Feature Story | 20-Mar-2025

University of Tennessee Art and Engineering partner to address pressing workforce shortage in national defense manufacturing

University of Tennessee at Knoxville

The University of Tennessee, Knoxville, is helping train the next generation of innovators in casting and forging. Casting and forging industries play a critical role in U.S. manufacturing, especially in the defense sector.

UT is hosting its second METAL casting bootcamp this week, a unique collaboration between IACMI — The Composites Institute and UT’s School of Artand Tickle College of Engineering.

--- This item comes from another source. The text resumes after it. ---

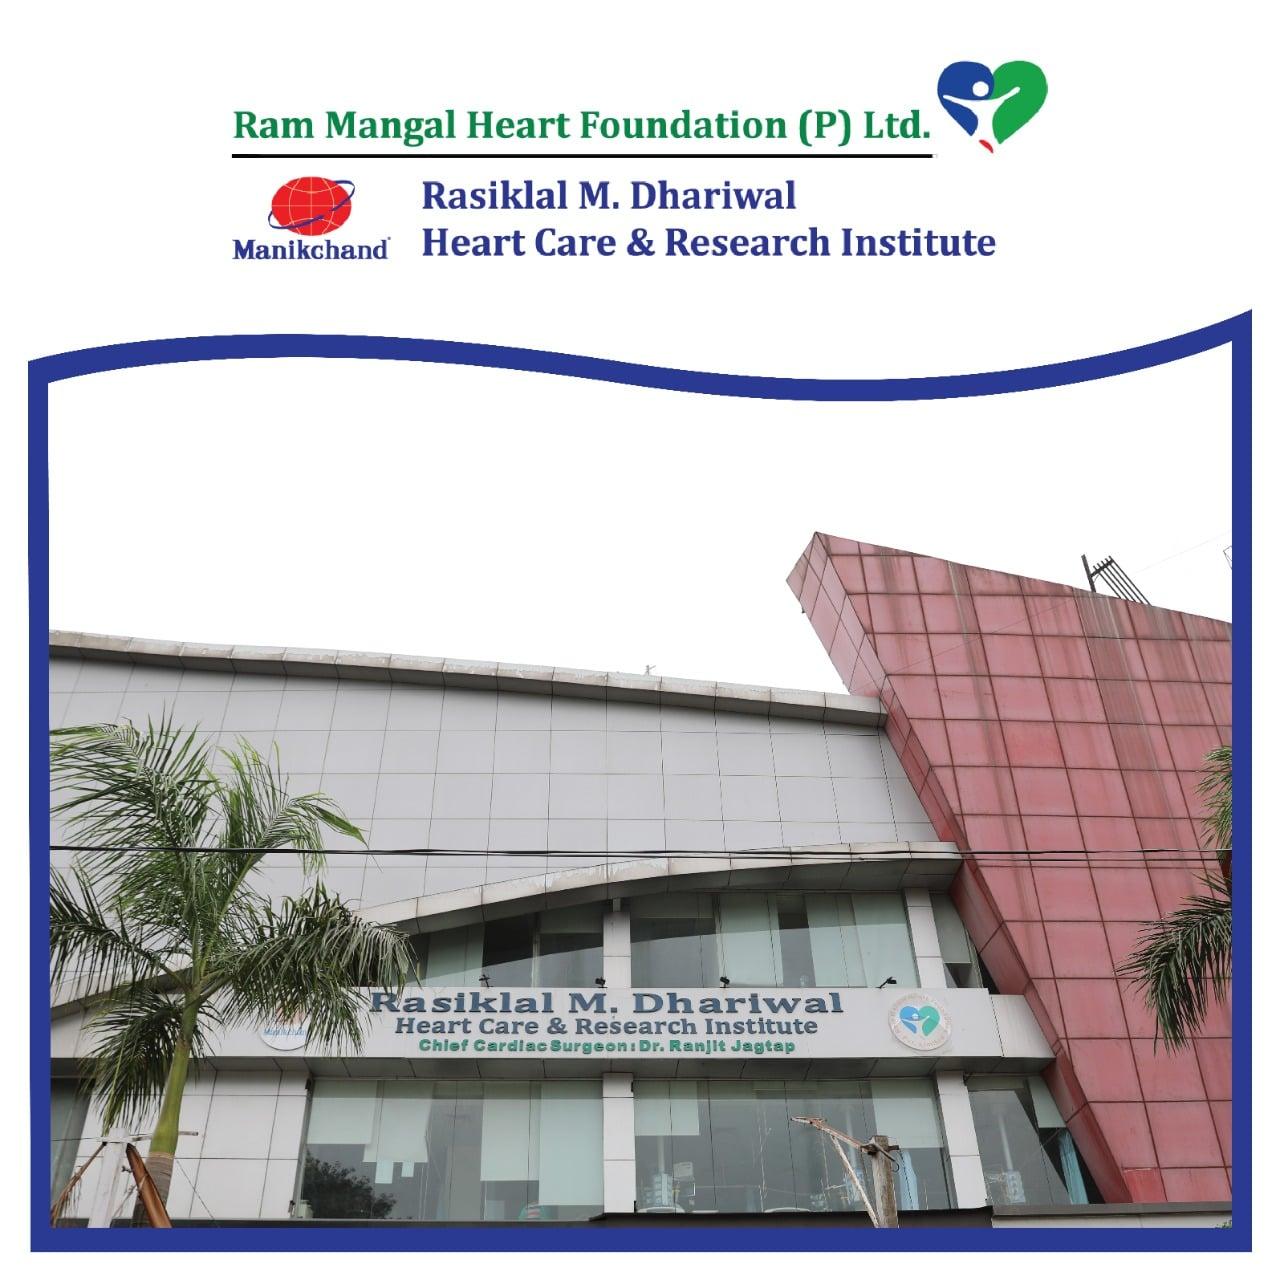 Rammangal Heart Foundation

Twelve participants — some college undergraduate students and some mid-career professionals — are getting a hands-on introduction to metallurgy, a field crucial to a broad range of industries including defense manufacturing, as they gain valuable technical skills in metal properties, heat treatment processes and advanced manufacturing techniques.

“The METAL bootcamp reflects UT’s steadfast commitment to combining the strengths of our nationally renowned research and unique workforce training programs to meet regional and national needs,” said Deb Crawford, vice chancellor for research, innovation and economic development.

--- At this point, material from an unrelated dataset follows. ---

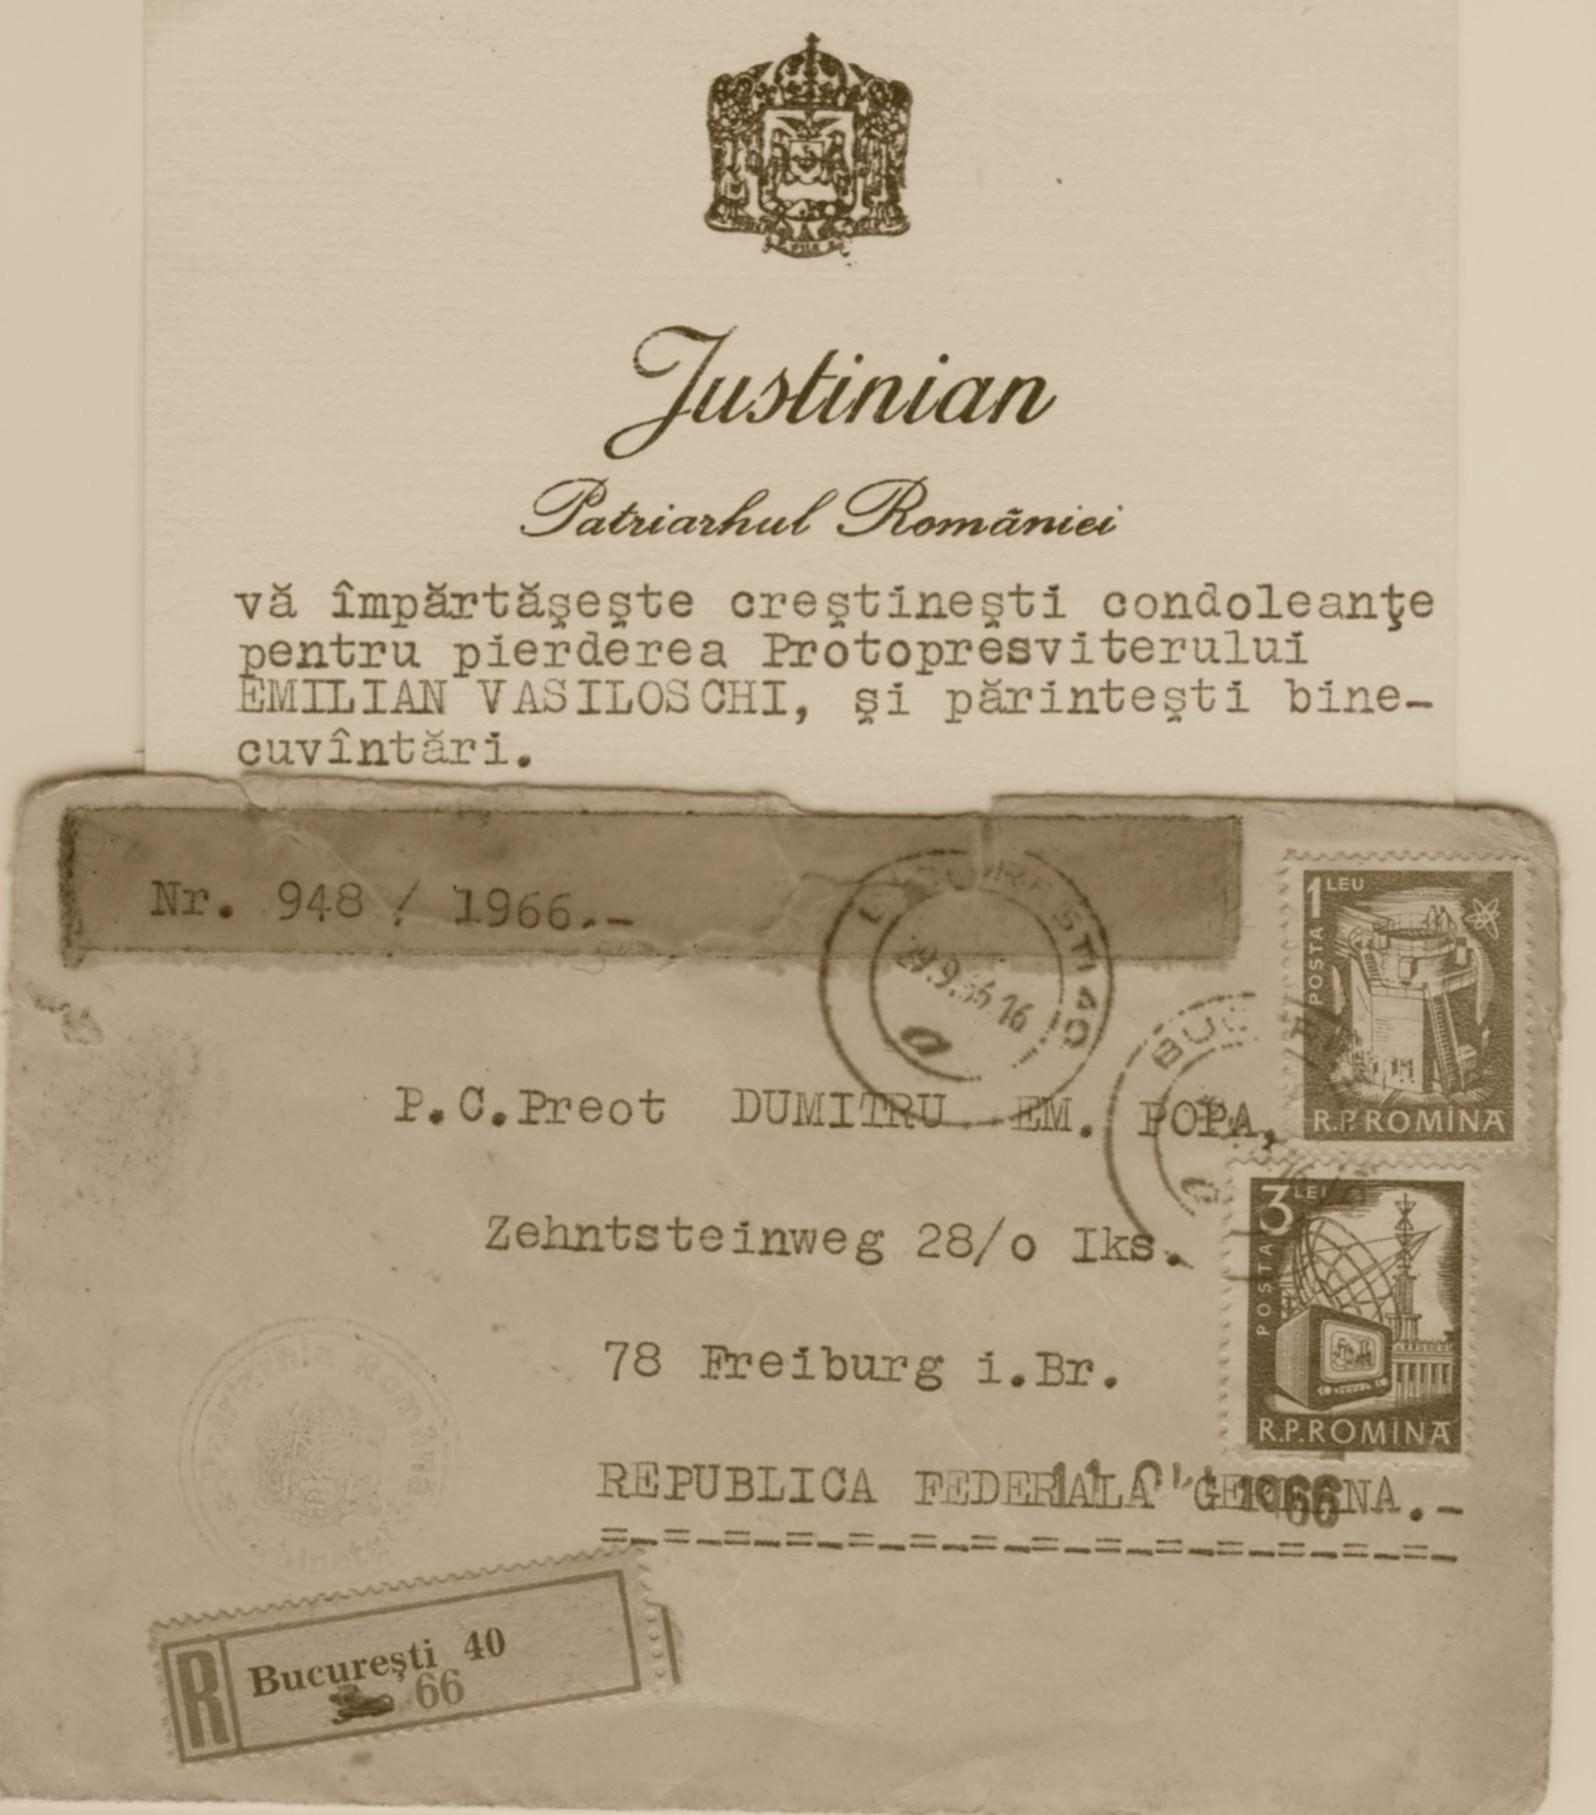 Patriarhul Justinian, Cartea de vizita cu condleante hp

According to the Defense Logistics Agency, 92% of specialized end items used in defense platforms — including ships, submarines, aircraft and ground combat vehicles — rely on cast and forged parts. The U.S. is projected to have 2.1 million unfilled manufacturing jobs by 2030, with a deficit of 383,000 skilled workers needed to support casting and forging firms.

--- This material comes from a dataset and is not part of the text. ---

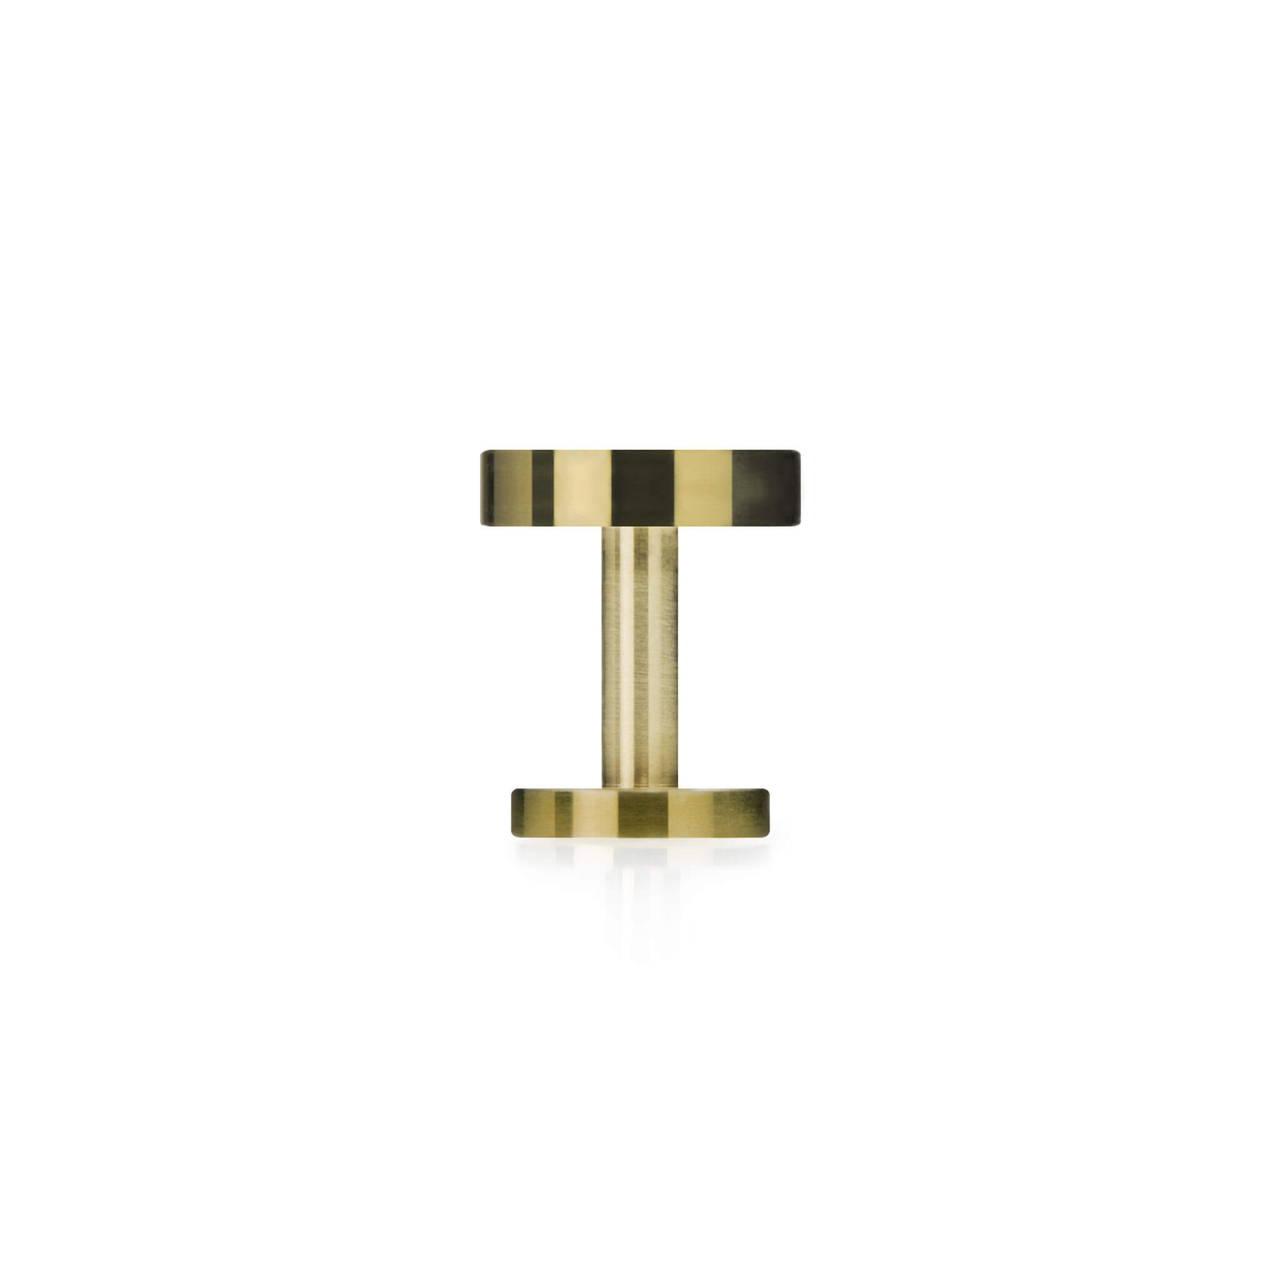 Brass Cufflink

IACMI — The Composites Institute, which is headquartered in Knoxville, has been working to address those workforce needs for more than a year. The Metallurgical Engineering Trades Apprenticeships and Learning initiative — known by its acronym, METAL — was announced in December 2023 by IACMI and the U.S. Department of Defense’s Industrial Base Analysis and Sustainment Program in response to the supply chain for cast and forged components for the defense industrial base having shrunk by 80%.

IACMI’s Chief Technology Officer Uday Vaidya, the UT-Oak Ridge National Laboratory Governor’s Chair for Advanced Composites Manufacturing, approached faculty in the university’s School of Art and Department of Materials Science and Engineering with the idea of partnering to lead the METAL bootcamps on campus, and their first was held in December 2024.

“The workforce in these industries is aging rapidly and is in need of an injection of young talent to help offset those who will age into retirement in the next several years,” said Dustin Gilmer, an assistant professor in materials sciences who leads the bootcamp for the Tickle College of Engineering.

METAL participants start by completing 8.5 hours of video instruction in a self-paced online course, after which they receive a METAL Level 1 digital credential. They can go on, if they choose, to hands-on opportunities such as this week’s bootcamp. In just five days, METAL bootcamp participants

  • learn about computer-aided design and drafting software, casting and heat treatment
  • make molds of three projects using different methods
  • cast their projects in aluminum and bronze
  • perform various tests on metals and compare the mechanical properties of metals such as steel and iron
  • finish their projects with machining and sand blasting to address any imperfections

One of the aims of METAL is to illuminate diverse career pathways, which echoes what Professor of Art Jason Brown brings to his sculpture classes at UT.

“Workforce development is increasingly important,” said Brown, who leads days two and three of the METAL bootcamp in UT’s foundry in the Art and Architecture Building. “In sculpture, we have a real emphasis on post-graduation employment opportunities. So much of what we do is hands-on training — not just concept or theory — because it’s important for students to have that versatility. The students who are getting jobs (after graduation) are in the trades — welding, opening metal fabrication shops — and hopefully still making art on the side.”

UT plans to host three METAL bootcamps a year. Participants must be 18 years old but can be from any career field or background. All METAL training is free.

“The bootcamps are an important part of the METAL program for lots of reasons, one of the most important being that it is our way of bridging the program into the actual workforce and exposing both traditional and nontraditional students to the casting and forging ecosystem,” Gilmer said. “It is a more in-depth, hands-on way for us to reach a wide audience and hopefully start them on the path of working in or around the casting and forging industry.”